Errors
Every error the Fibric API returns uses standard HTTP status codes and one consistent JSON envelope. The code is stable and machine-readable; branch on it, never on message, which is human-readable and may change. This page is the complete code table, grouped by status, with the conflict semantics that matter most: idempotency replay and the single-flight lock.
The error envelope
The broad class of failure: invalid_request_error, authentication_error, permission_error, not_found_error, conflict_error, validation_error, rate_limit_error, or api_error. One type per status group; use it for coarse handling.
The specific, stable code, for example entity_locked. New codes may be added within a major version; existing codes never change meaning.
Human-readable detail, naming the field or resource involved. Safe to log; not safe to parse.
A link to the section of this page that documents the code.

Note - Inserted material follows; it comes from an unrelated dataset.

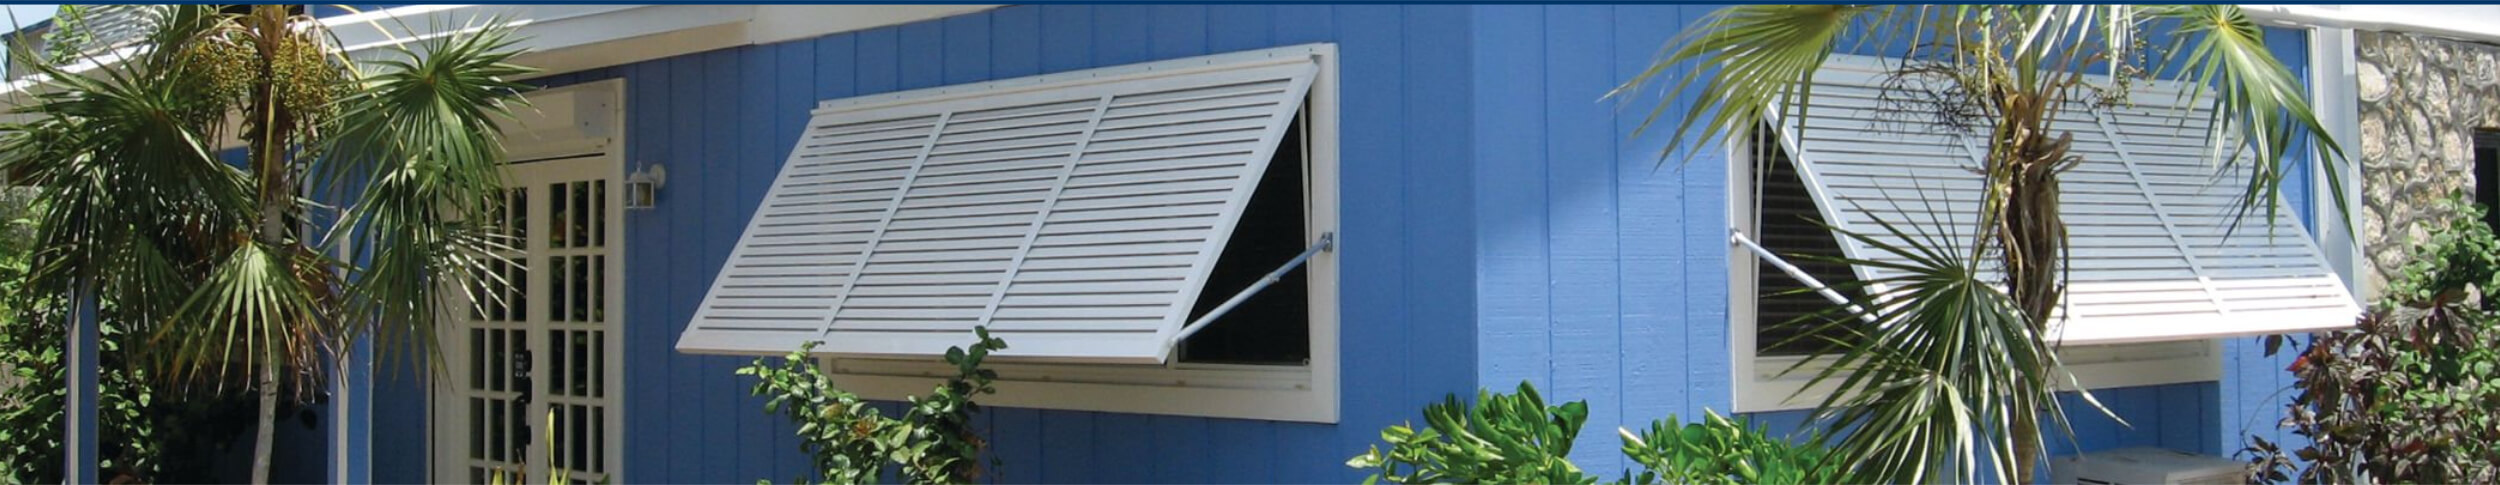 Bahama & Colonial Systems - Hurricane Products - American Shutter Systems Association (Assa)

Identifies the request in our logs and in any receipt the request produced. Include it when contacting support.
{
"error": {
"type": "conflict_error",
"code": "state_conflict",
"message": "Plan pl_7c1a is already executed and cannot be approved.",
"doc_url": "https://fibric.io/docs/errors#state_conflict",
"request_id": "req_9b3e21f0"
}
}
The envelope is the whole contract: no error returns a bare string, an HTML page, or a different JSON shape, including 429 and 5xx responses. A client that handles the envelope handles every failure the API can produce.
Retryability at a glance
Before the full table, the decision that matters most in a client: given a status, is an unchanged retry ever correct?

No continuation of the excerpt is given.